§ **PROVIDED DATA**
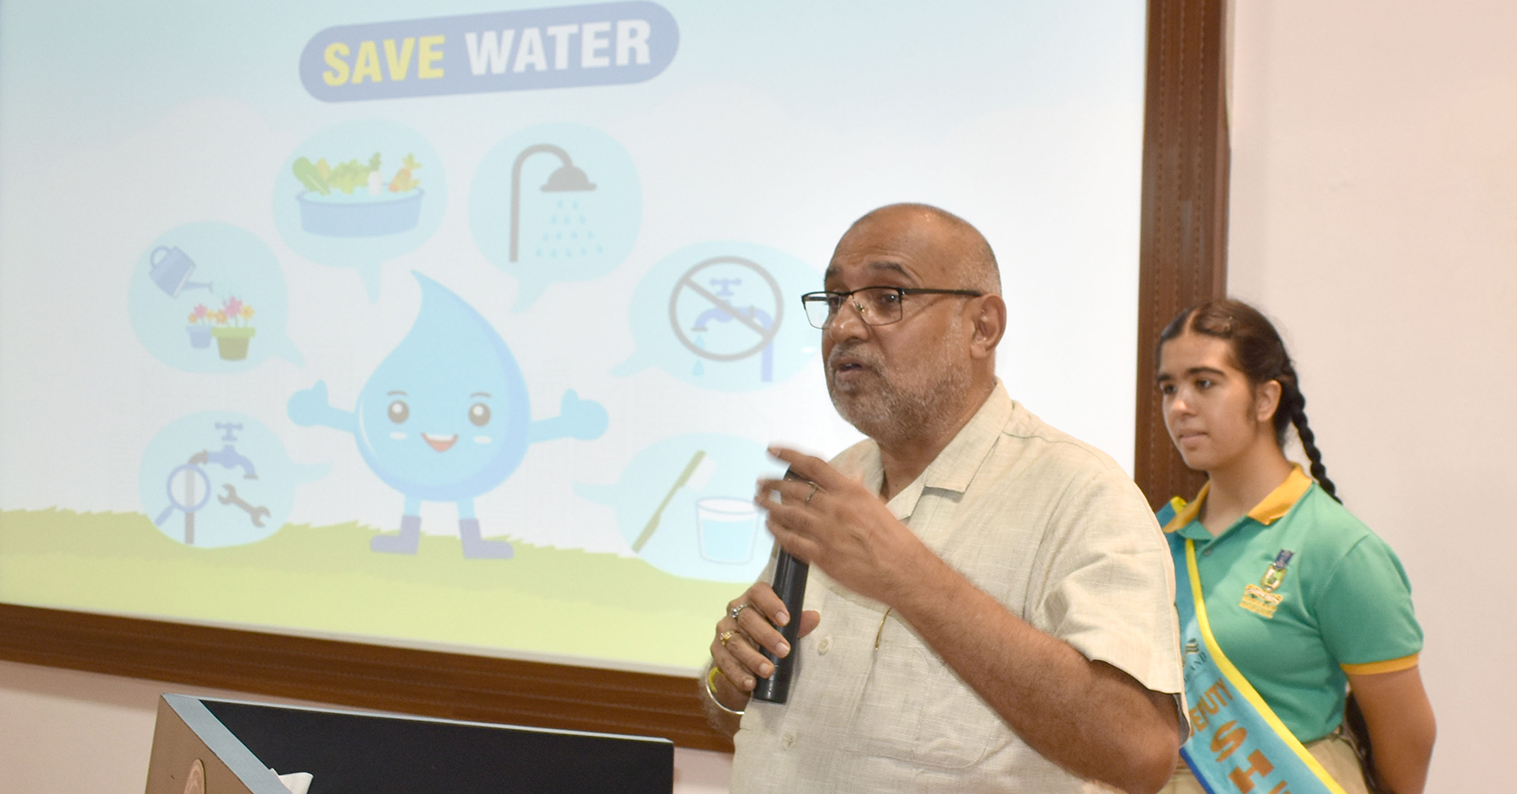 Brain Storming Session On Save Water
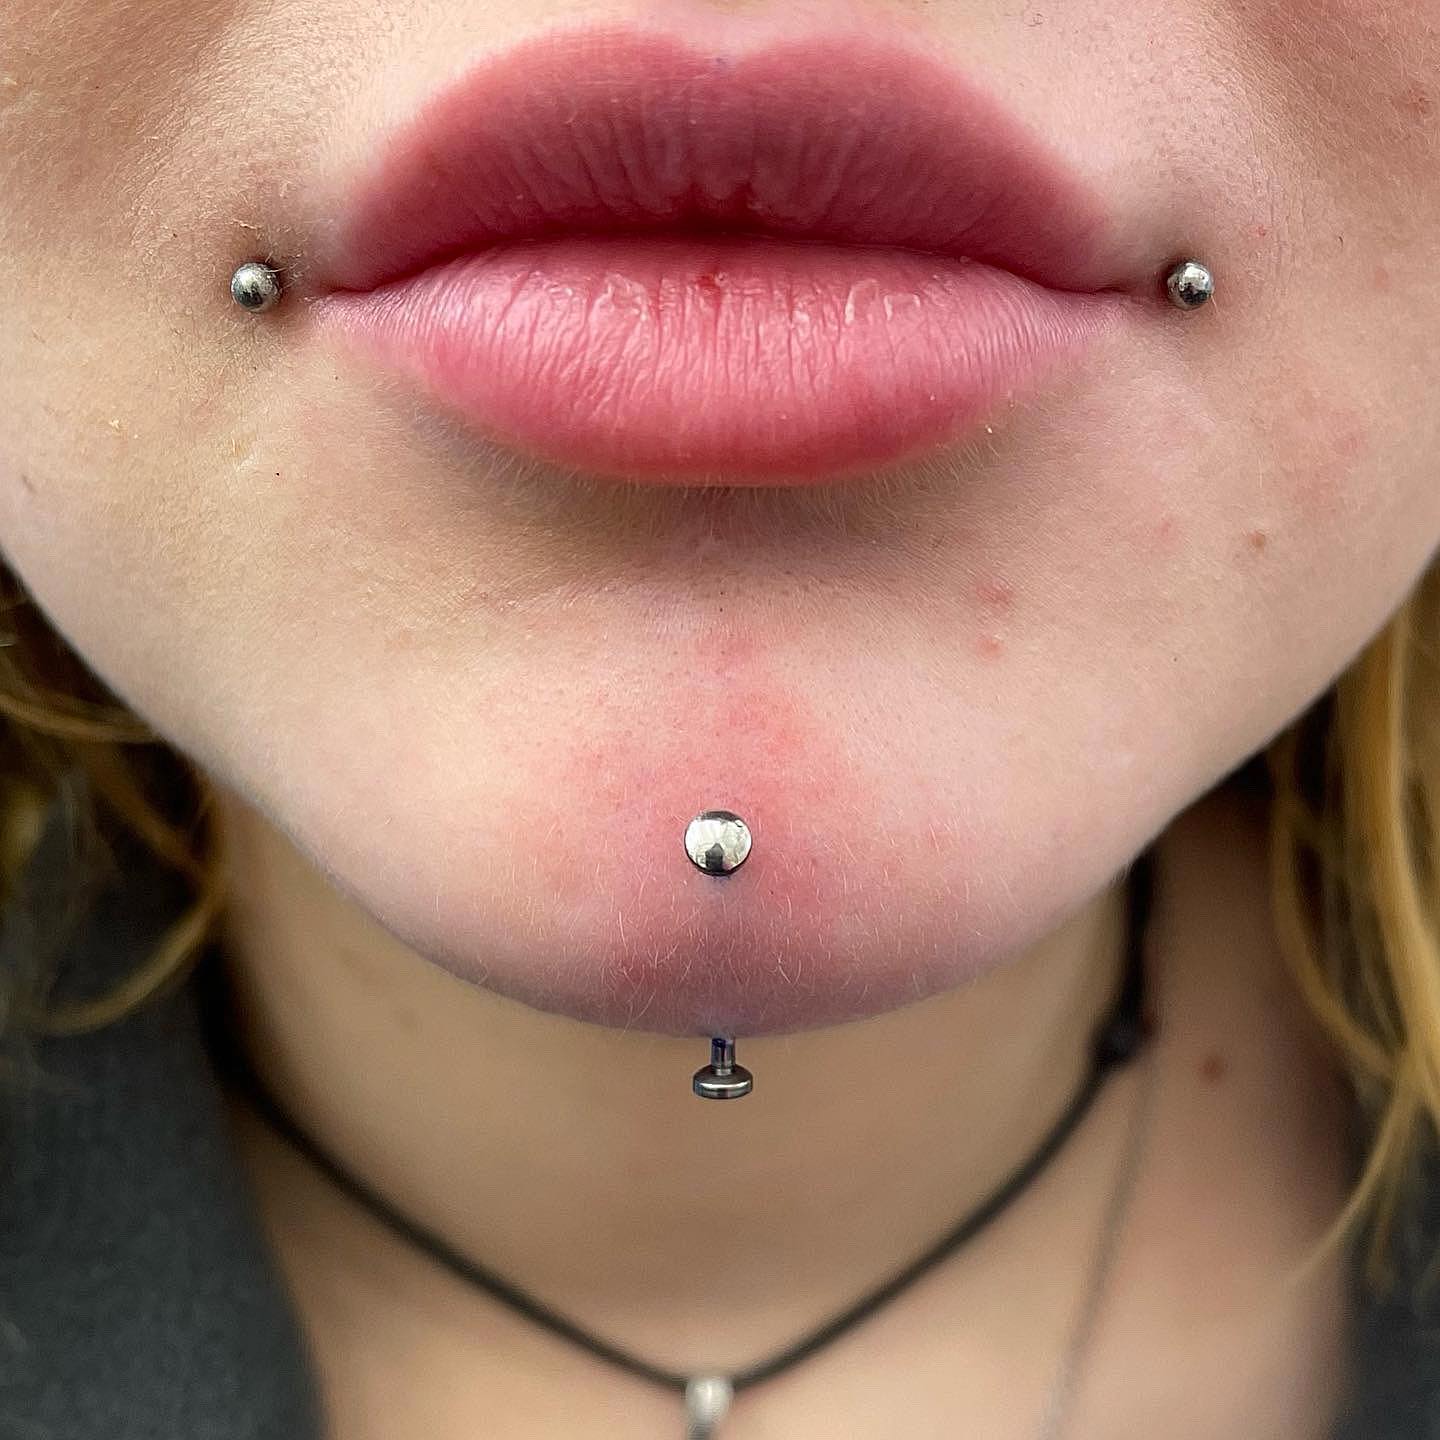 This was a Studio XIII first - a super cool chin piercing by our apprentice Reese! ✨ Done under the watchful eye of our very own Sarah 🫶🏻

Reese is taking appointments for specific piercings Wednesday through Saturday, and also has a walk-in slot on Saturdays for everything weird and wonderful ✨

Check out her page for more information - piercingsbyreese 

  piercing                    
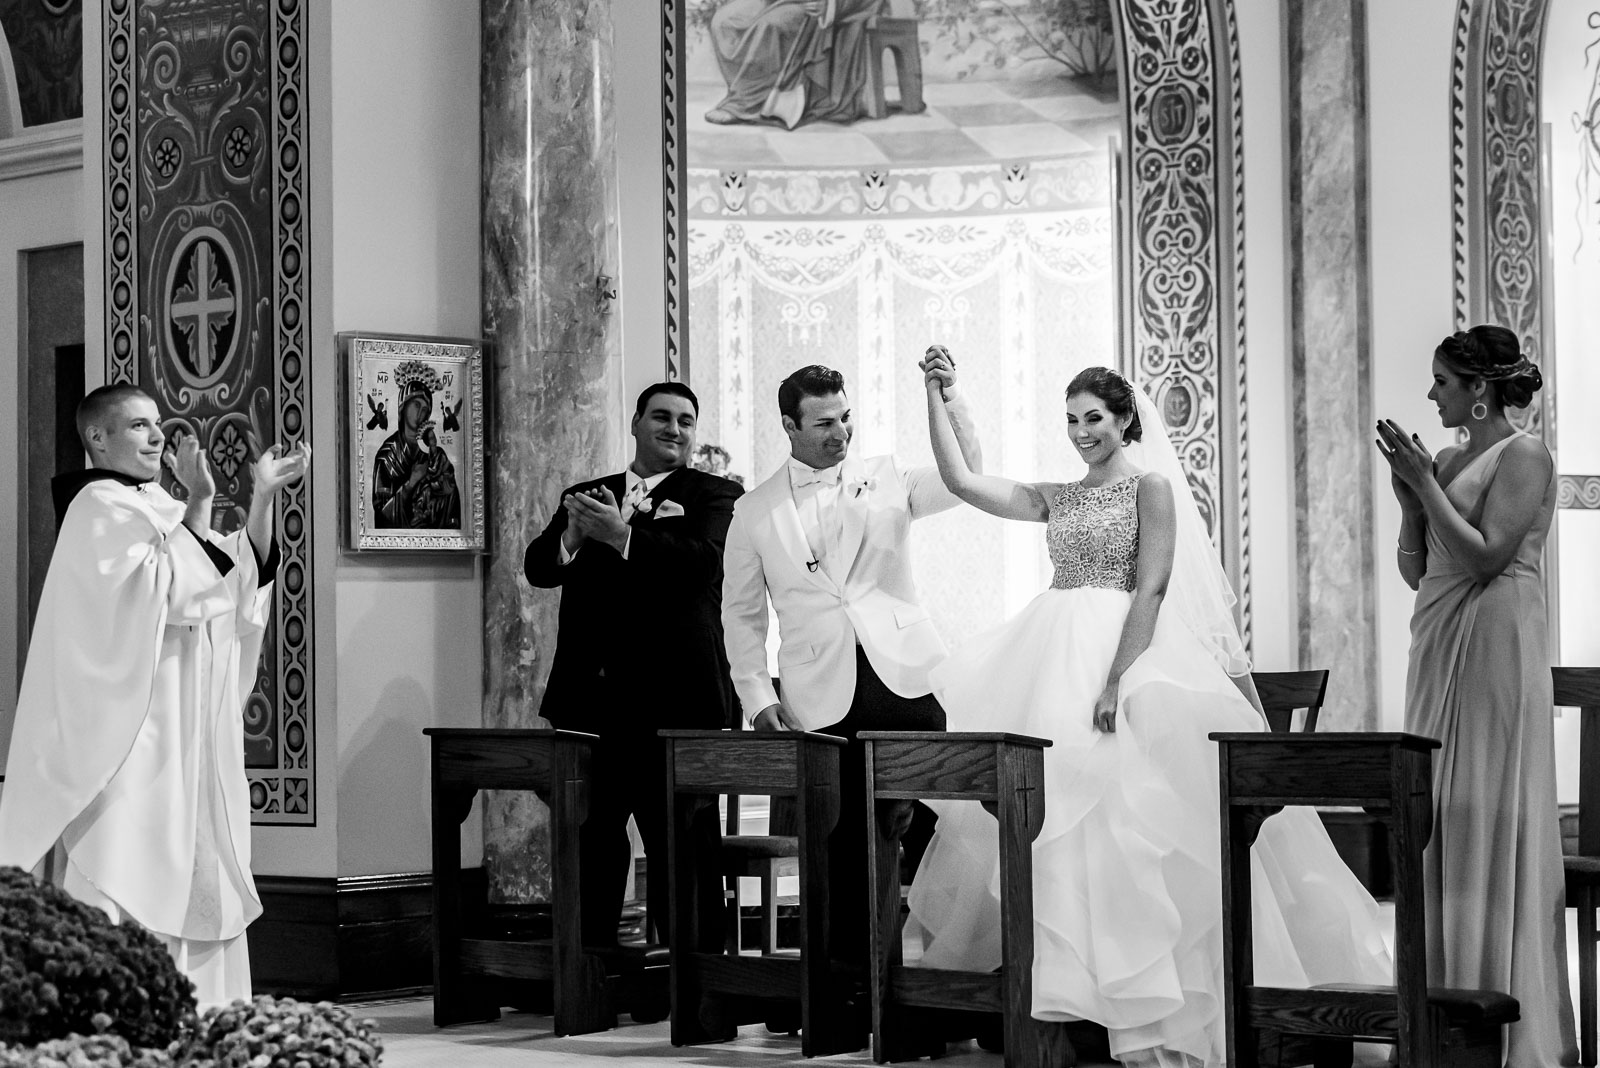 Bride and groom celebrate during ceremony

§ **WHAT TO DO**
Return the listing above in full and without alteration, excluding its pictures.

§ **ANSWER TO THE EXERCISE**
 Brain Storming Session On Save Water
 This was a Studio XIII first - a super cool chin piercing by our apprentice Reese! ✨ Done under the watchful eye of our very own Sarah 🫶🏻

Reese is taking appointments for specific piercings Wednesday through Saturday, and also has a walk-in slot on Saturdays for everything weird and wonderful ✨

Check out her page for more information - piercingsbyreese 

  piercing                    
 Bride and groom celebrate during ceremony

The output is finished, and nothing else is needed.